1-C: Add a new object (Node), a Cisco router. Link the router to the network connection that was previously created.

1-D: Once the router powers up enter the global configuration mode. Change the host name of the router. Then enter interface configuration mode to the corresponding port that is connected to the Network object created. Once in the interface configuration mode assign the ip address to dhcp.

Router>enable
Router# configure terminal
Router(config)#hostname R1
R1(config)#interface ethernet 0/0
R1(config-if)#ip address dhcp

1-E: After an IP address has been assigned from the DHCP server. Proceed to exit the configuration mode and ping 8.8.8.8, which is Google’s DNS server address.
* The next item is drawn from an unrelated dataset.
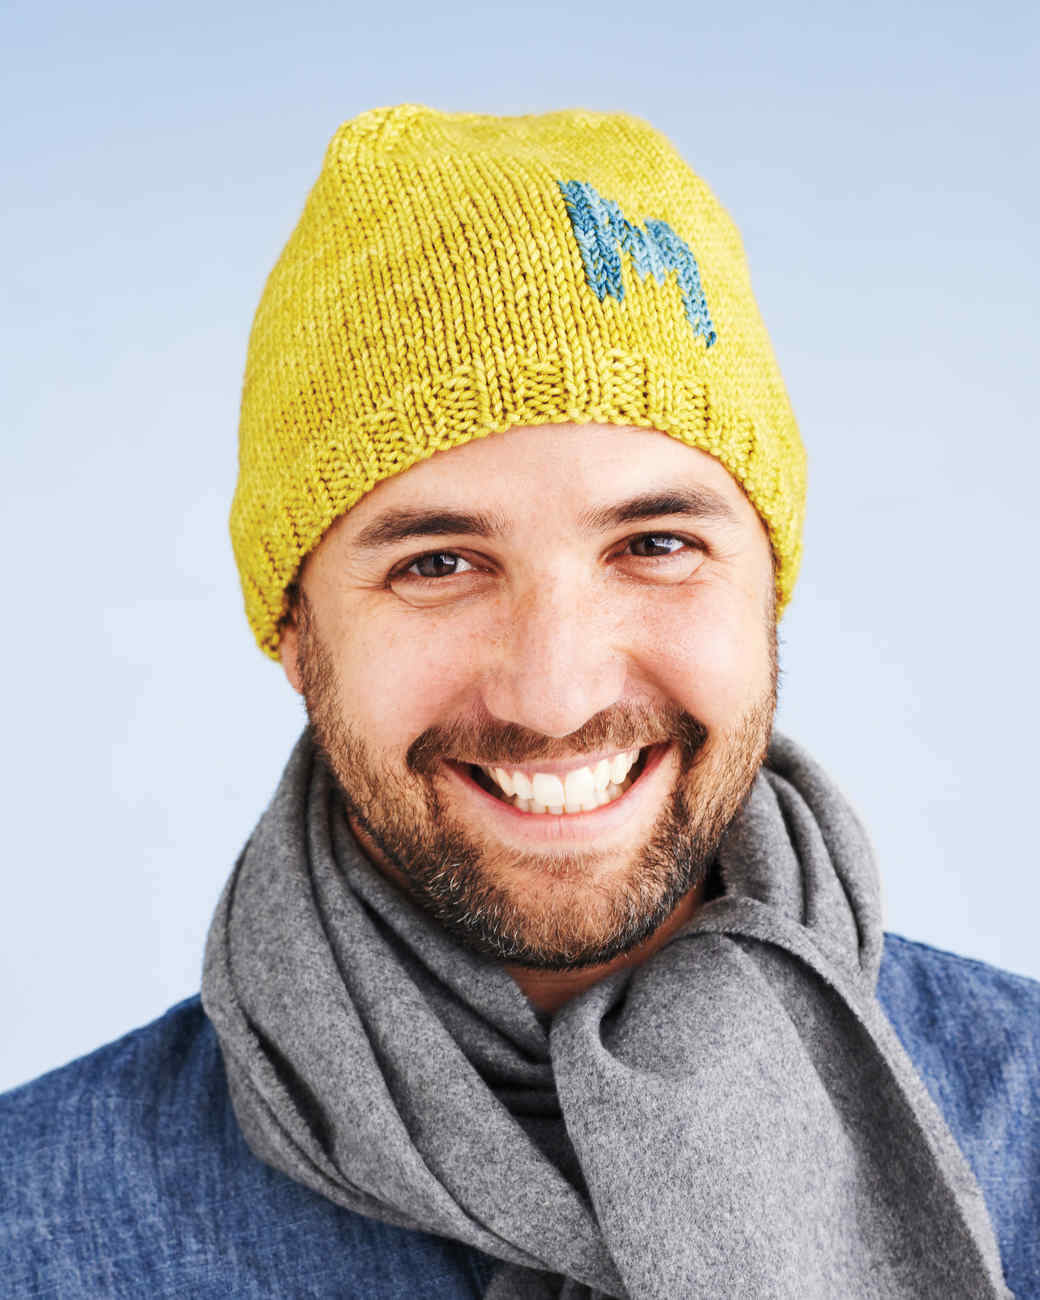 kyle-man-hat-scarf-351-d111452.jpg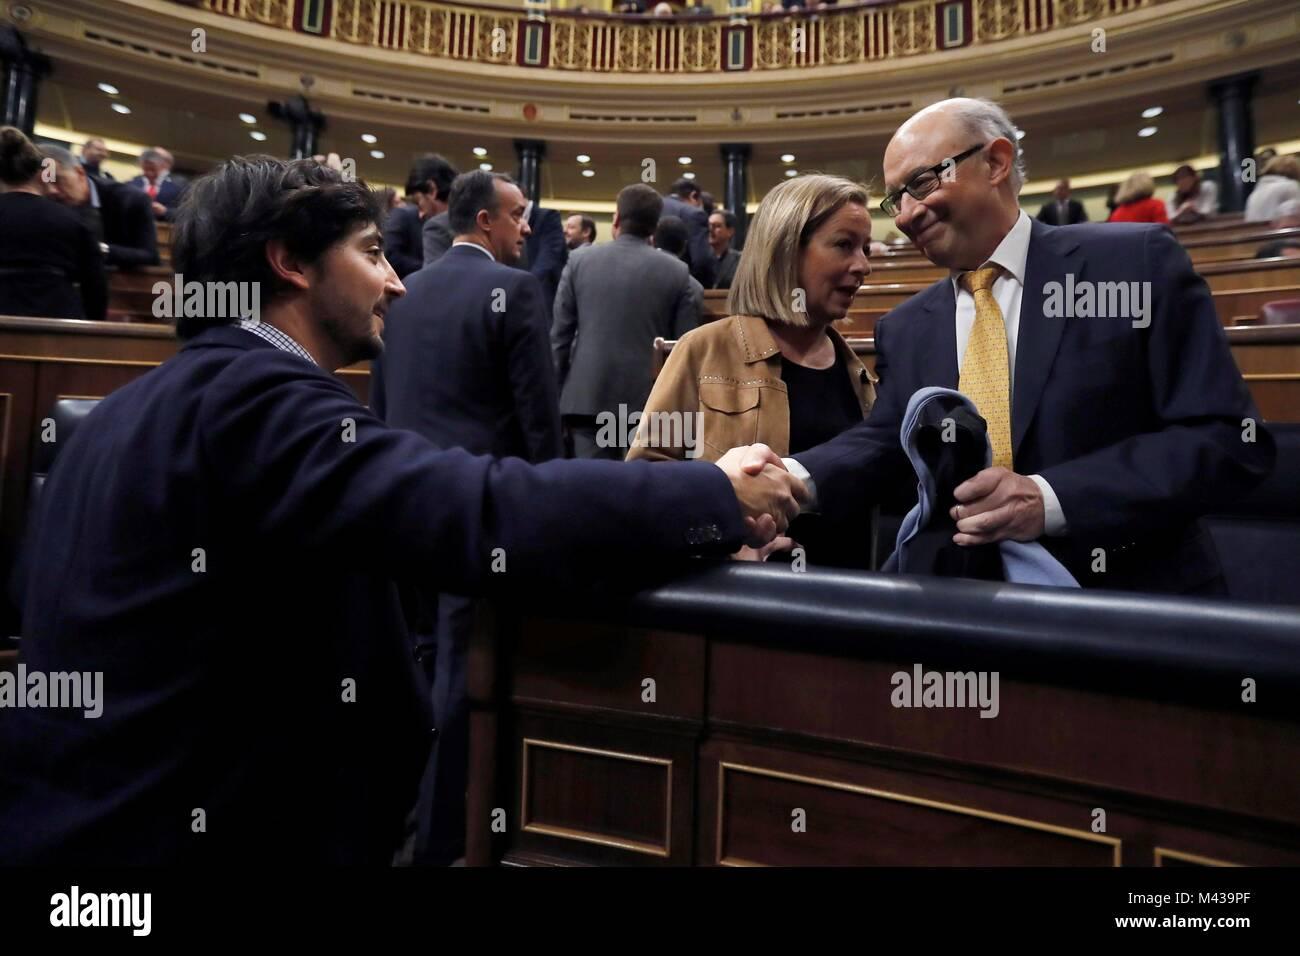 Madrid, Spain. 14th Feb, 2018. Spanish Treasure Minister, Cristobal Montoro (R), shakes hands with Ciudadanos party's - Stock Image

If the ping is successful, proceed to global configuration mode again and a DNS server IP. You can use your networks own DNS or add 8.8.8.8 by typing ‘ip name-server 8.8.8.8’. Exit the global configuration mode and ping using a URL (Uniform Resource Locator). If successful you are ready to proceed to the lab.

R1#ping 8.8.8.8
Type escape sequence to abort.
Sending 5, 100-byte ICMP Echos to 8.8.8.8, timeout is 2 seconds:
!!!!!
Success rate is 100 percent (5/5), round-trip min/avg/max = 11/13/18 ms
R1#configure terminal
Enter configuration commands, one per line.  End with CNTL/Z.
R1(config)#ip name
R1(config)#ip name-server 8.8.8.8
R1(config)#exit
R1#ping www.joelrivera.com
Translating "www.joelrivera.com"...domain server (8.8.8.8) [OK]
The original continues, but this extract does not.